**TASK DETAILS:**
Output the full listing exactly as written, with no pictures in it.

**STORED DATA:**
=== Section Start ===

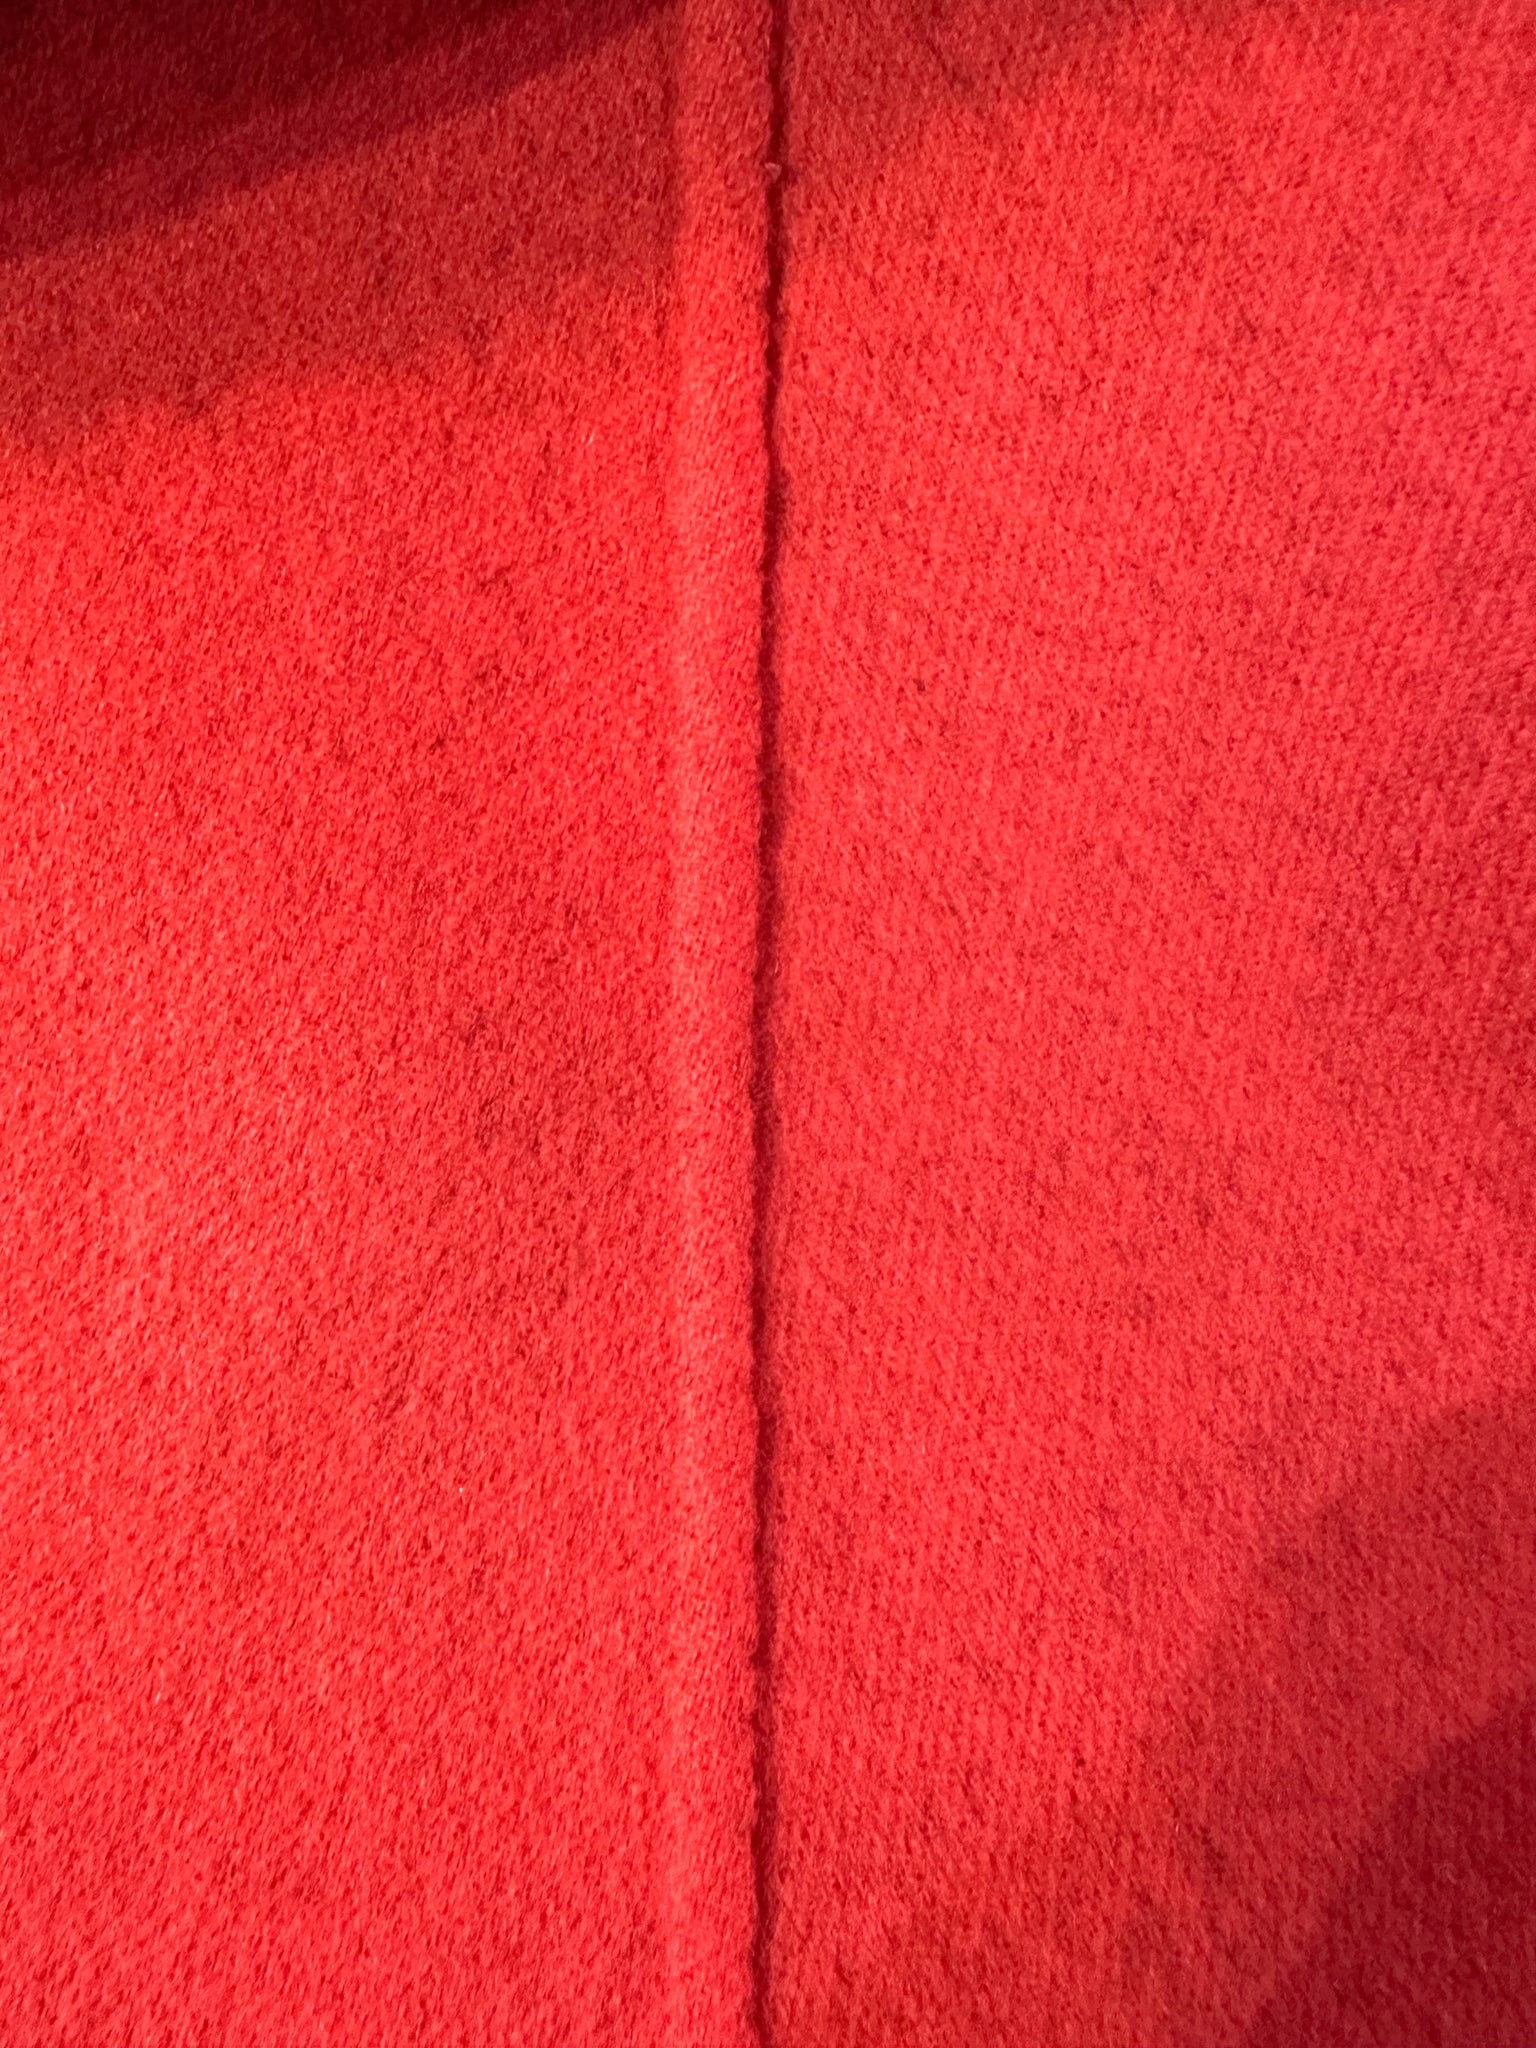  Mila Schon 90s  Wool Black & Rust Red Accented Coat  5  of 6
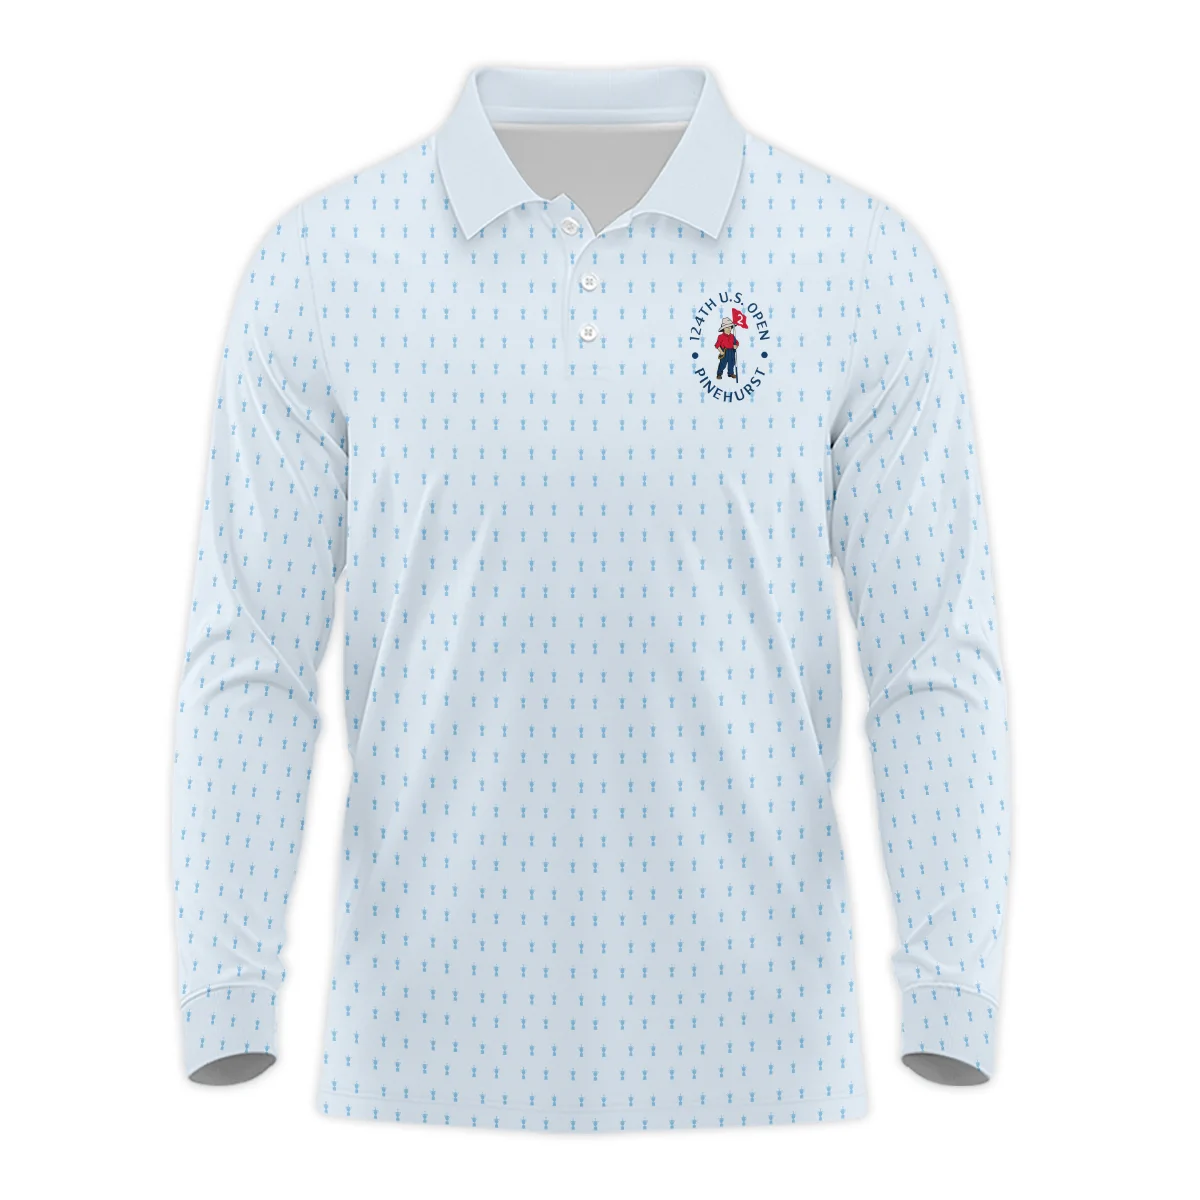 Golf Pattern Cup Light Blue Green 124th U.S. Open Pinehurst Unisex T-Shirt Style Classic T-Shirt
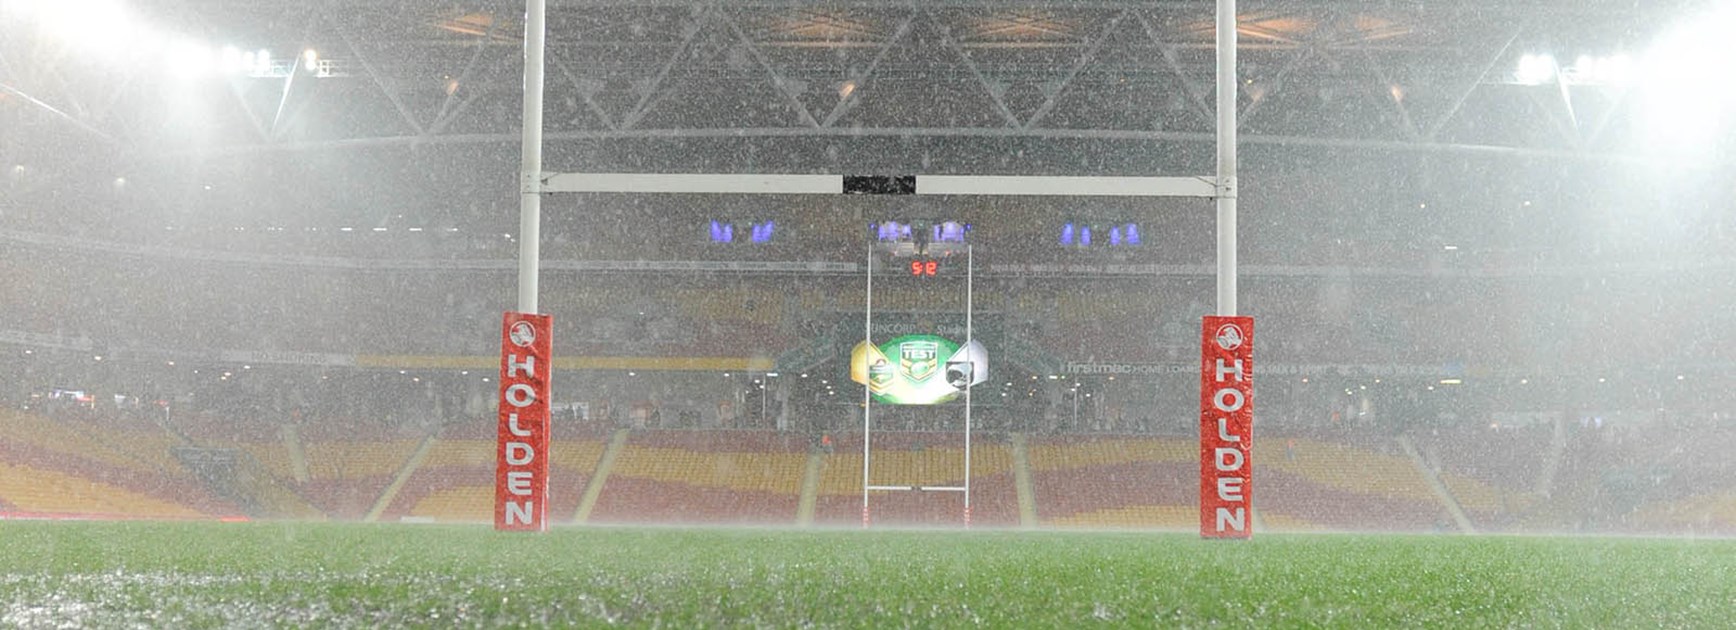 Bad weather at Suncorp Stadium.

=== Section End ===

**EXERCISE RESULT:**
  Mila Schon 90s  Wool Black & Rust Red Accented Coat  5  of 6
 Golf Pattern Cup Light Blue Green 124th U.S. Open Pinehurst Unisex T-Shirt Style Classic T-Shirt
 Bad weather at Suncorp Stadium.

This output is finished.